Hace pocos días, compartí un viaje con un grupo de alumnos de grado 11. En la inmensidad de un bosque en Washington DC, sin conexión alguna en Internet, en algo más de 24 horas, vivimos una experiencia inolvidable.
Rodeados de árboles inmensos y centenarios. Nuestros sentidos externos, citadinos y tecnológicos, acostumbrados al cemento, nuestra mirada plana en la pantalla del celular, volvimos a escuchar, sintiendo y oler un mundo diferente, un mundo real: el sonido del agua de los pequeños arroyos, el canto de las El olor a madera de roble. Y para cerrar la jornada, una tormenta con lluvia, rayos y truenos, y un partido inolvidable en un auténtico lodazal de arcilla. Exhaustos, felices, embarrados hasta los niños, conectados realmente con la “madre naturaleza”.
Pero lo más apreciado por todos fue la interconexión entre unos y otros justamente en ese ambiente natural y retador. Divididos en grupos, bajo la dirección de una guía, se desarrollaron una serie de pruebas que exigieron el trabajo colectivo para resolverlas. No era el reto para uno solo, sino el reto para el grupo. No había solución individual, sino grupal. Y esto dejó en todos un gran saldo de buenas prácticas útiles para toda la vida. Nuestra sociedad individualista nos dejó avasallada por la simple realidad de que si el ser humano existe en la actualidad porque se puede trabajar con el otro, el compartir, la ayuda y la memoria colectiva, y esto se hace visible para todos en la jornada en el bosque.

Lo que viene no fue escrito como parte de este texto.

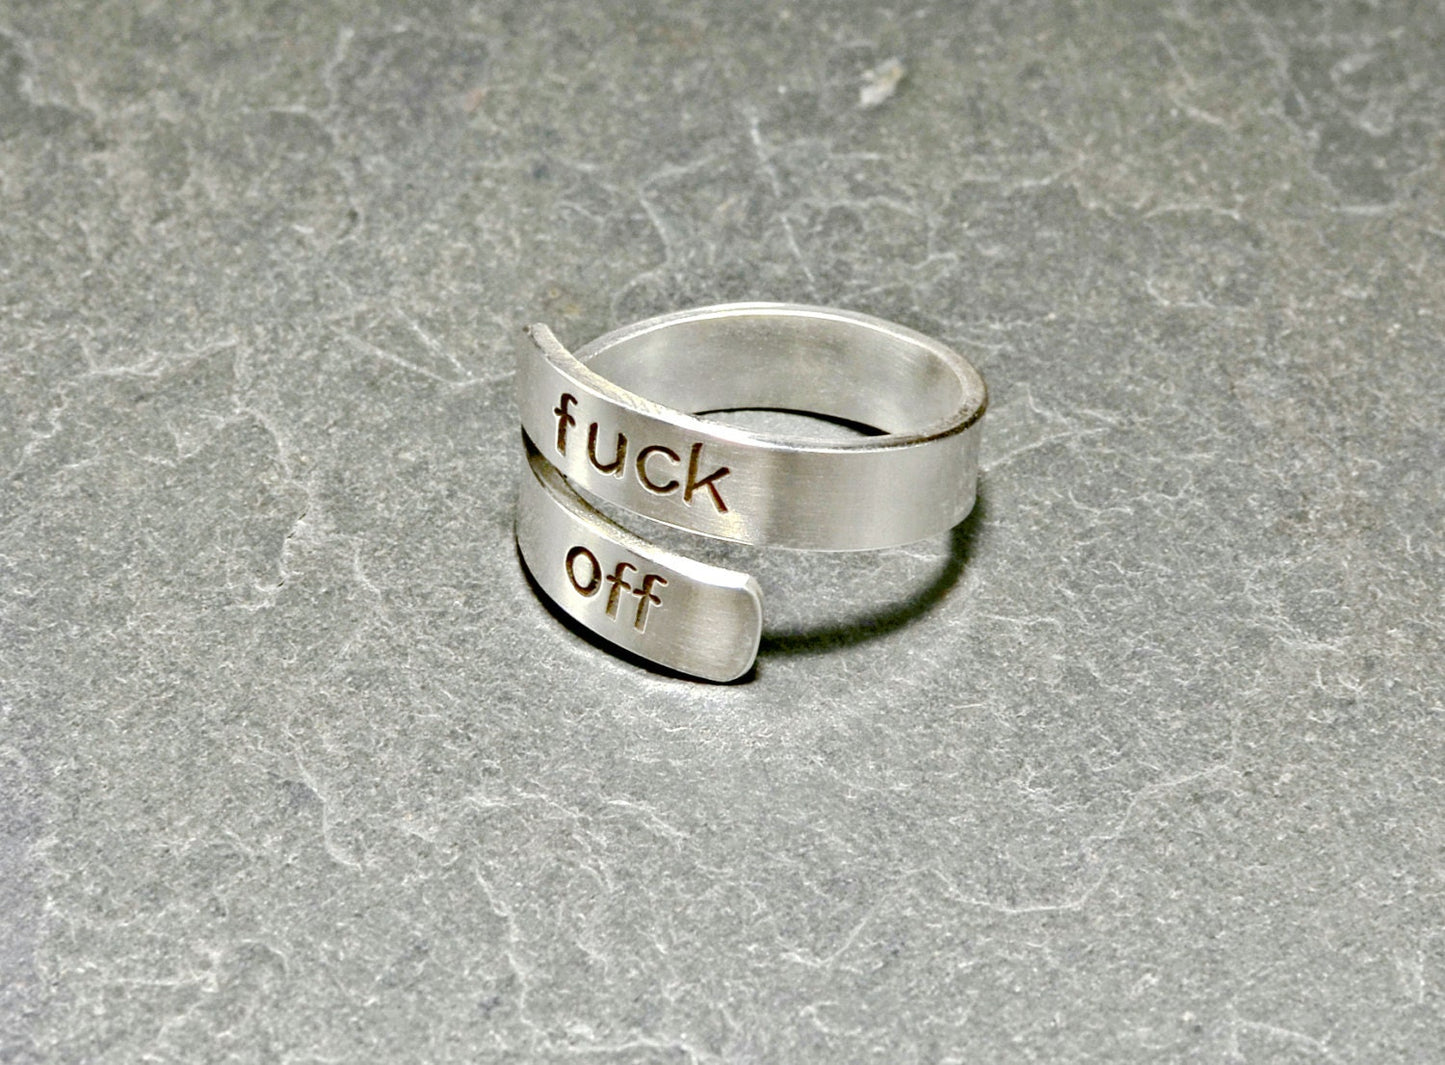 Fu'k off sterling bypass ring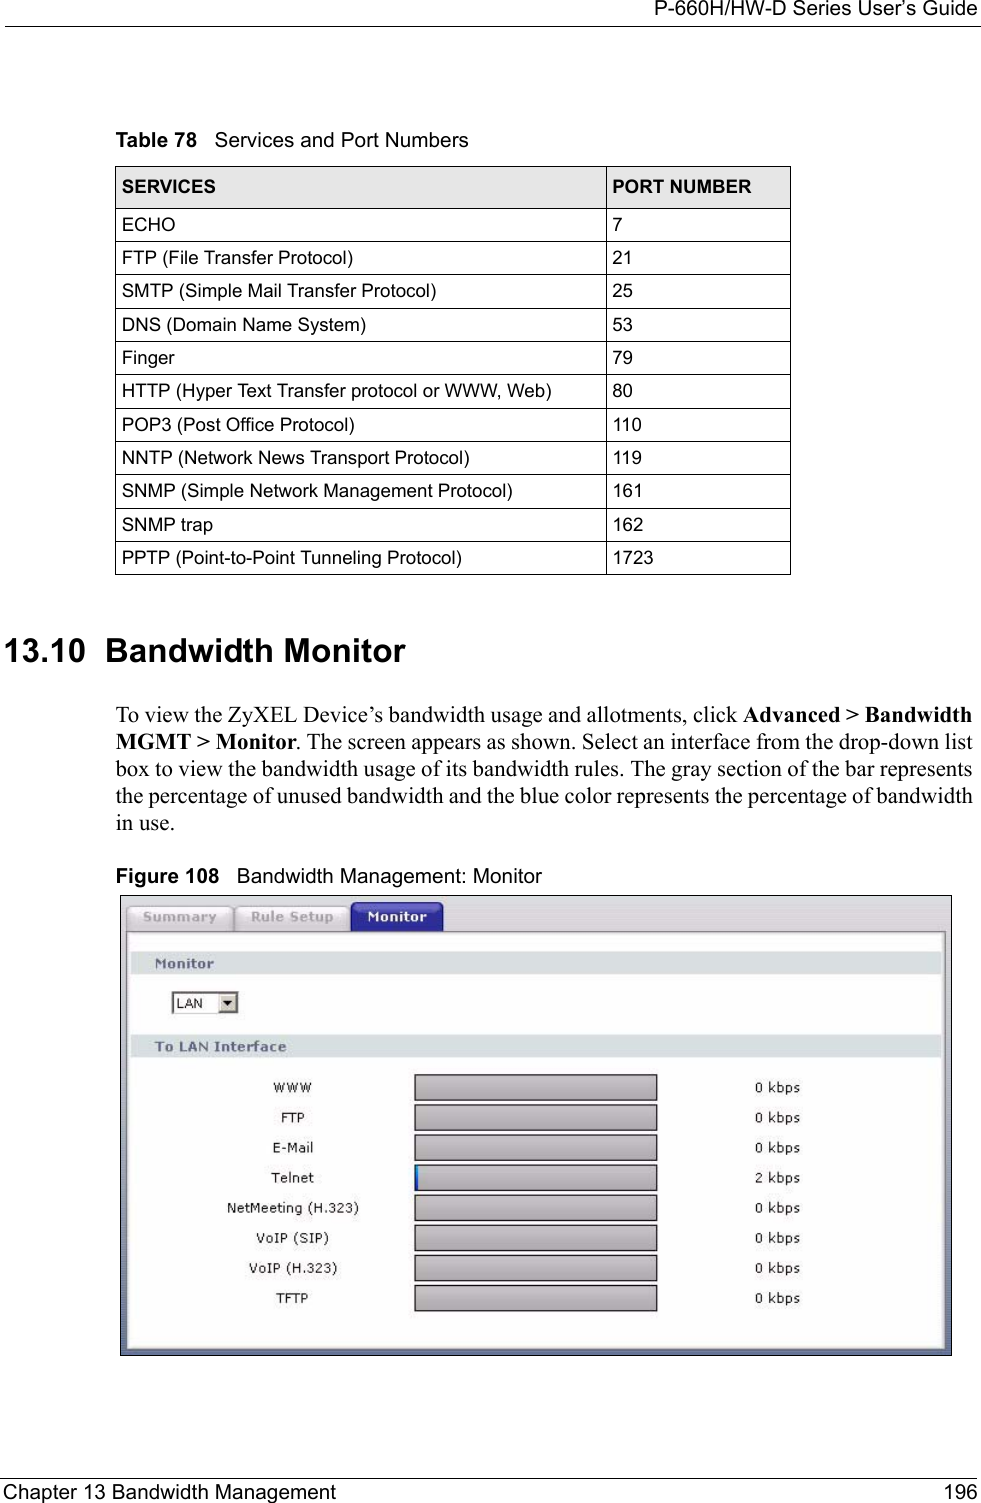 P-660H/HW-D Series User’s GuideChapter 13 Bandwidth Management 19613.10  Bandwidth Monitor  To view the ZyXEL Device’s bandwidth usage and allotments, click Advanced &gt; Bandwidth MGMT &gt; Monitor. The screen appears as shown. Select an interface from the drop-down list box to view the bandwidth usage of its bandwidth rules. The gray section of the bar represents the percentage of unused bandwidth and the blue color represents the percentage of bandwidth in use. Figure 108   Bandwidth Management: Monitor Table 78   Services and Port NumbersSERVICES PORT NUMBERECHO 7FTP (File Transfer Protocol) 21SMTP (Simple Mail Transfer Protocol) 25DNS (Domain Name System) 53Finger 79HTTP (Hyper Text Transfer protocol or WWW, Web) 80POP3 (Post Office Protocol) 110NNTP (Network News Transport Protocol) 119SNMP (Simple Network Management Protocol) 161SNMP trap 162PPTP (Point-to-Point Tunneling Protocol) 1723

La vida es una aventura que vale la pena vivir y arriesgar en ella, pero que no se vive solo y que no está alimentada por la comodidad. Viento, lluvia, sol, sed, barro, rayos, es decir, elementos, más formadores que cualquier lujo. La relación entre unos y otros como personas, como equipo, hace posible resolver los obstáculos de la vida. ¡Por eso, en Alpamayo solemos decir “no somos buenos si no todos somos buenos”! Educar es poner en la mochila personal de cada uno de los jóvenes, de los niños, de nosotros mismos, virtudes y valores con la práctica y los hechos pensando siempre en los demás.
Como dice Catherine L’Ecuyer, las personas aprendemos en clave de realidad. Formar el carácter, la autonomía, la solidaridad y la espiritualidad no se puede hacer desde una vida virtual. Los antiguos hablan de “templario” el carácter, como quien tiempla el acero de una espada para hacerlo más fuerte. Se cogía el hierro en crudo, se ponía en rojo vivo, se golpeaba en un yunque con cenizas, y se daba forma convirtiendo el metal en acero resistente. ¿Le gustaría al hierro, si pudiera pensar, ese tratamiento? ¿Le gustaría que se pusiera al rojo vivo y que recibiera esos golpes? Si ese hierro tiene voluntad, y acepta la dureza, se convertirá en acero brillante y valioso, digno de usar.
Y si hablamos de autonomía, esta es tu responsabilidad con la responsabilidad de los pequeños. En tanto que si hablamos de solidaridad, se forma enseñando a compartir y a darse. Y para formar la espiritualidad, es necesario ayudar a que los hijos tengan tiempo para encontrar en el silencio con uno mismo y con Dios. Sin silencio, no hay encuentro personal.
Papás y mamás, sus hijos emprendieron un buen tiempo un viaje por la vida, un viaje, como se diría en inglés y que nos lleva a la palabra latina del día a día. Una jornada larga que durará, en muchos casos, casi una centuria y en que nosotros solo estaremos al lado un breve tiempo. Si con tanto esfuerzo procuramos que los niños armen bien sus maletas para estos viajes como los que contemos en el inicio de esta historia, ¡cómo no preocuparnos de poner buenas cosas en las maletas del viaje de sus vidas! Saquemos conclusiones, buenas conclusiones y pongamos los medios para educar en la realidad formando el carácter, la autonomía, la solidaridad y la espiritualidad.